1. An intelligent sample selection method, comprising:

determining local minimum F1 indexes of all the target samples by using the target model in the preset candidate sample set;

determining a final sample set according to a preset rule and the local minimum F1 index, and storing the final sample set into a preset choice sample set;

2. The intelligent sample refinement method according to claim 1, wherein the step of performing block evaluation in the prediction result to obtain an image data area, and clipping the image data area into a target sample to be stored in a preset candidate sample set comprises:

obtaining a prediction quality evaluation index of the standard image block;

3. The intelligent sample refinement method according to claim 2, wherein the step of obtaining the image data region by means of block estimation in combination with the prediction quality estimation indicator comprises:

4. The intelligent sample picking method according to claim 1, wherein the step of determining the local minimum F1 index of all the target samples using the target model in the preset set of candidate samples is preceded by the step of:

if not, using the existing refined sample set training model to obtain a more generalized model, updating the target model, using the new target model to refine the remaining candidate samples, and determining the local minimum F1 index of the remaining candidate samples through the target model.

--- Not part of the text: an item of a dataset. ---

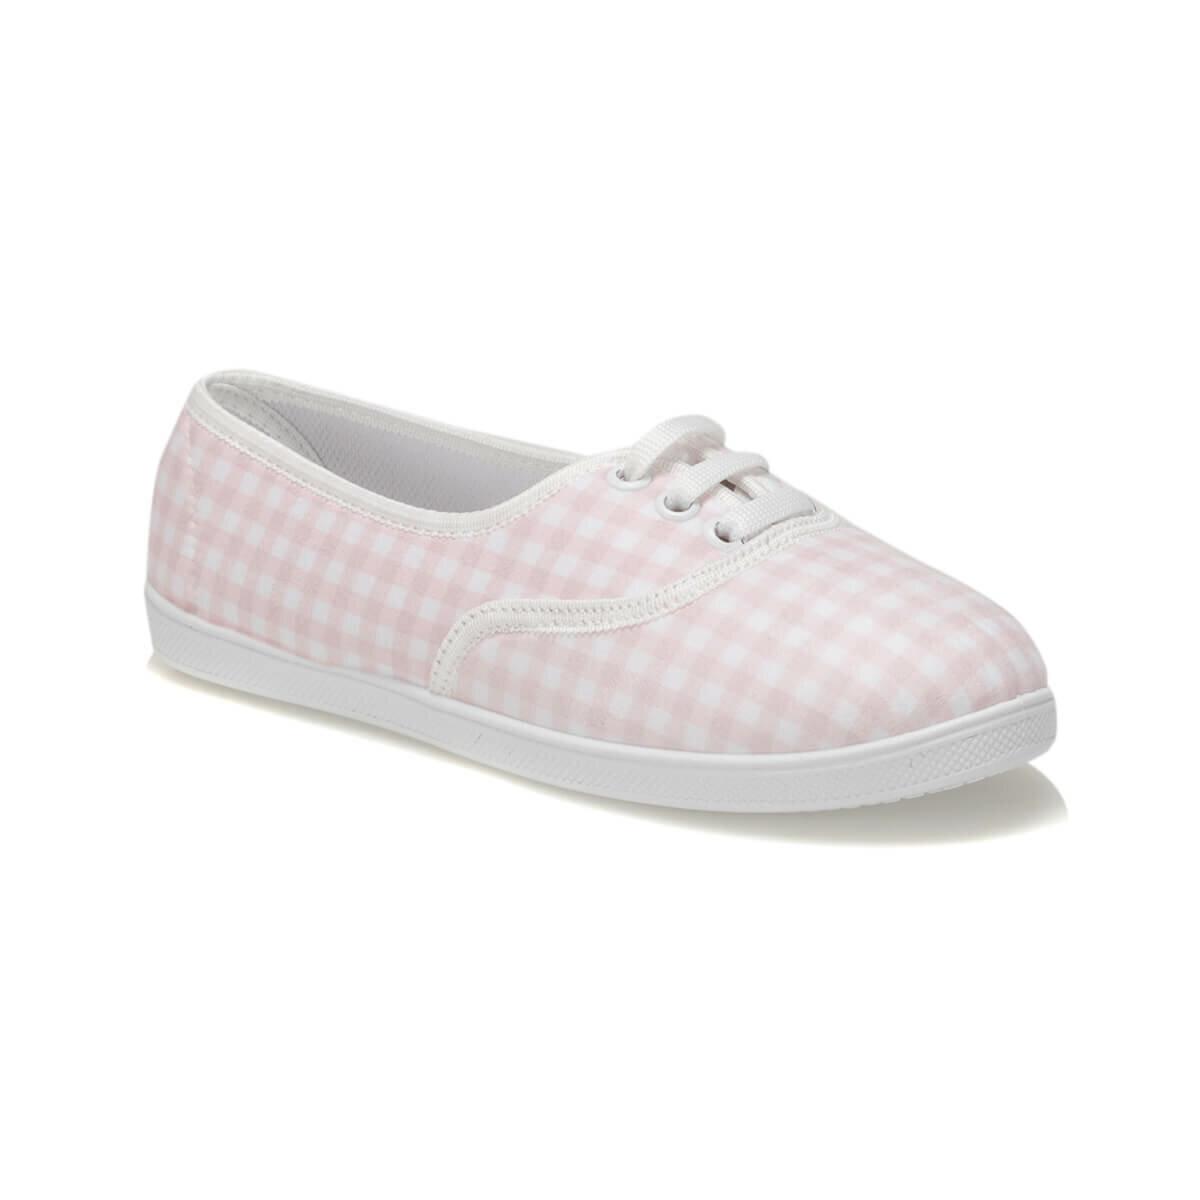 FLO 91. 313446.Z Powder Women 'S Sneaker Shoes Polaris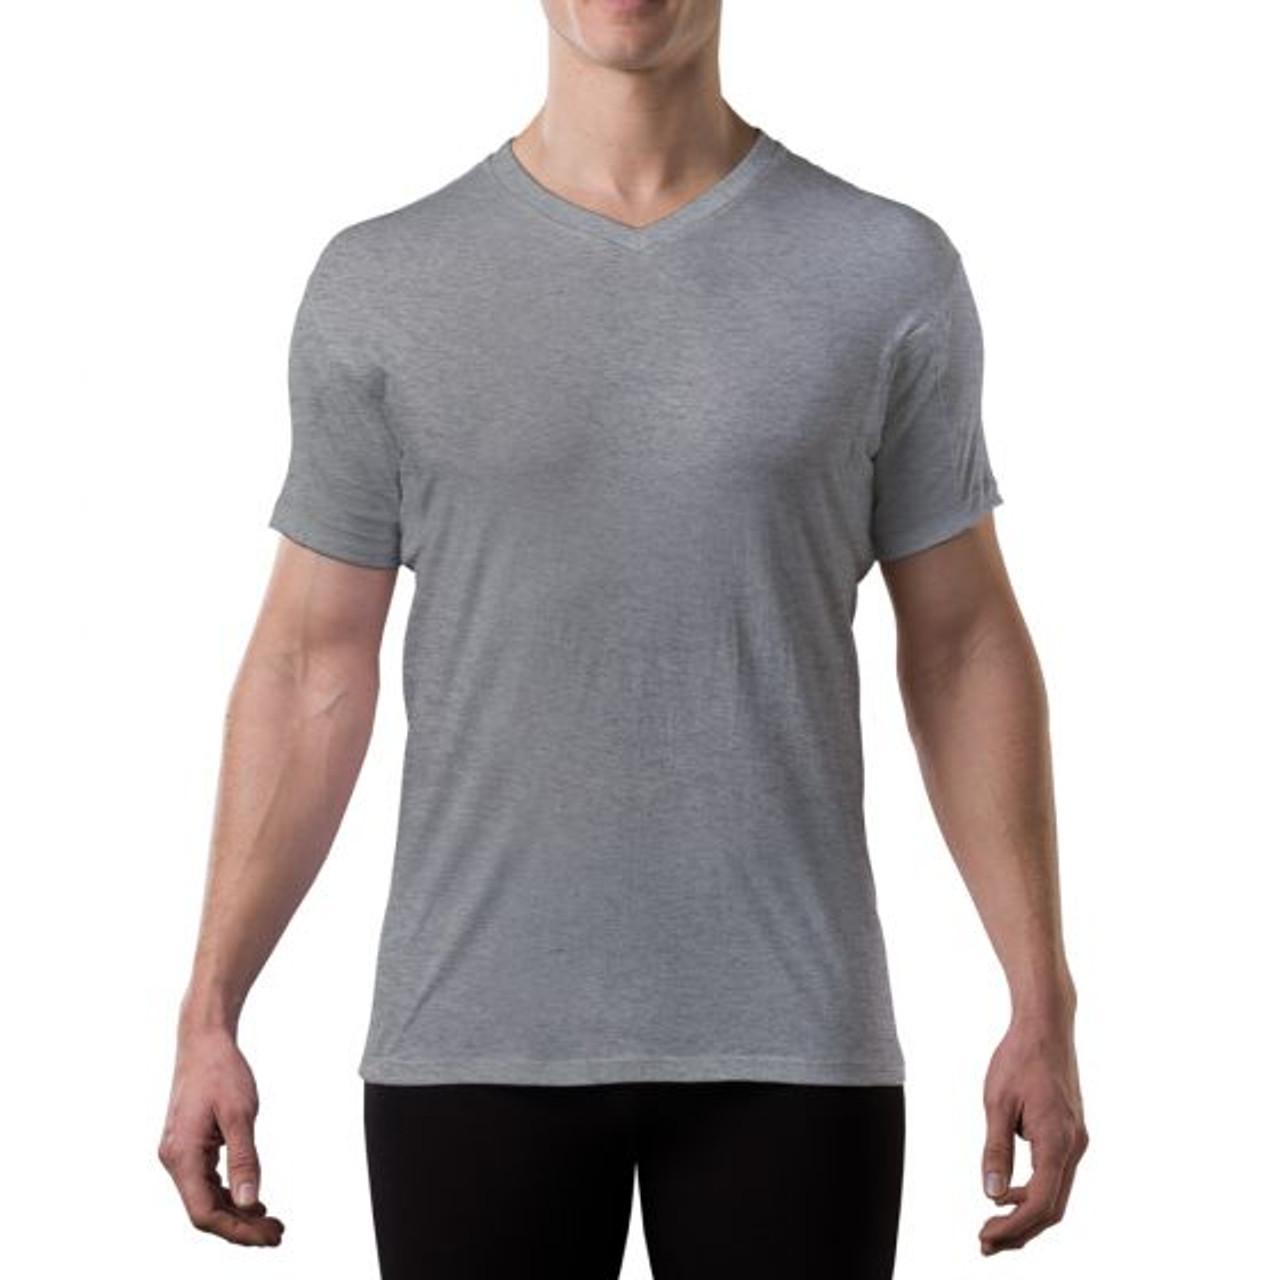 c513e90a49199 Men s Sweat Proof Undershirt - V-Neck - Original Fit

5. The intelligent sample picking method according to claim 1, wherein the step of determining the local minimum F1 index of all the target samples using the target model in the preset set of candidate samples comprises:

determining a Local minimum F1 index (Local (N) minF 1) for all of the target samples in the set of candidate samples using the target model, which is calculated by:

6. The intelligent sample picking method according to claim 1, wherein the step of determining a final sample set according to a preset rule in combination with the local minimum F1 index and storing the final sample set in a preset picking sample set comprises: acquiring a preset ordering rule, and determining a sample sequence according to the preset ordering rule in combination with the local minimum F1 index of the target sample;

obtaining a preset limit threshold value, and screening in the sample sequence through the preset limit threshold value to determine a final sample set;

and storing the final sample set into a preset selected sample set.

7. The intelligent sample refinement method according to claim 1, wherein said step of performing a refinement iteration on said preset refinement sample set to obtain a refinement sample set comprises:

training the target model by using the preset choice sample set to update the target model;

8. An intelligent sample beneficiation apparatus, characterized in that the intelligent sample beneficiation apparatus comprises:

9. A computer device, the device comprising: a memory, a processor that, when executing computer instructions stored by the memory, performs the method of any of claims 1-7.

10. A computer-readable storage medium comprising instructions that, when executed on a computer, cause the computer to perform the method of any of claims 1 to 7.